The script by Muhsin Parari, Sharfu and Suhas reminds that it just wasn’t the doctors who were in the limelight. It allows the general public, the ambulance drivers, hygiene workers too to have their moment in the spotlight and be the heroes in some small manner. This emphasizes the line said by a doctor to the group of hesitant drivers, “not villains, you are all heroes.”

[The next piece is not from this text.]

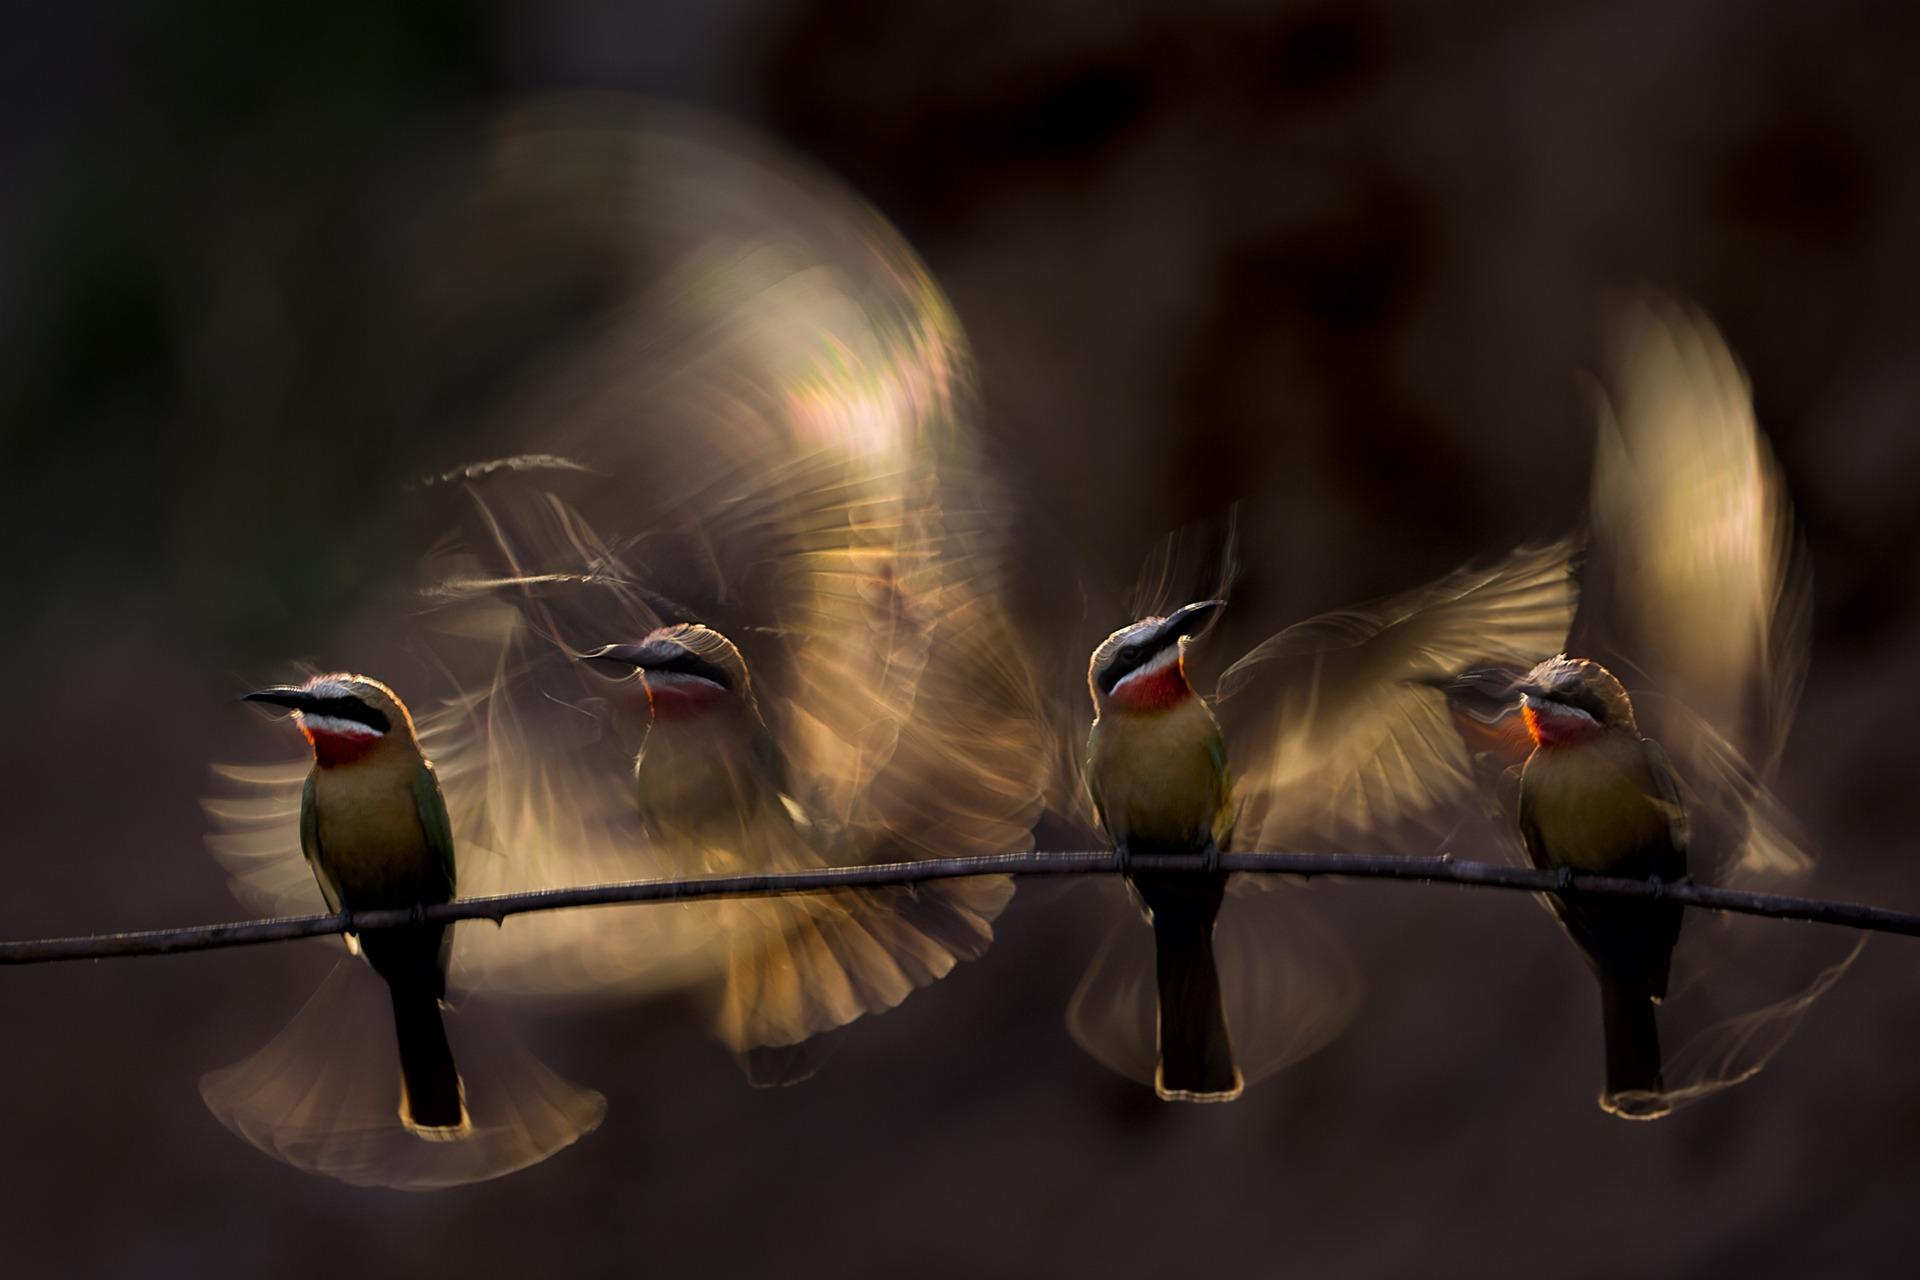 Bence Mate (HU) | Wings

‘Virus’ gives every character a backstory. This helps us empathize with their struggles in their quest to solve the conundrum. The film explores the aspect of misinformation about the illness. I like the timing of this scene as it isn’t placed at the beginning of the movie. This gave me the impression that it has been worked in as an important aspect and not just something that was used because it had to be in the movie
The score by Sushin Shyam is haunting. It builds a sense of dread that sticks with the audience throughout. Shyam’s score kicks in right at the start after a normal scene showing a family walk back into a house. It helps us understand the gravity of the issue after we take in the expression of shock on the actor’s face. As we wonder what it is, the film’s title flashes on screen as the music drills further into our heads. The suspenseful music is punctuated with sinister beats that can make you go cold from within.
‘Virus’ adheres to the moniker “content is king.” This moderately paced film relies on its strong script. The grounded performances by the ensemble cast will captivate you. Parts of the audience may find the investigative part of too tedious to watch and may have hoped for a crisper edit. However, its 152-minute runtime helps the makers do justice to a real life incident.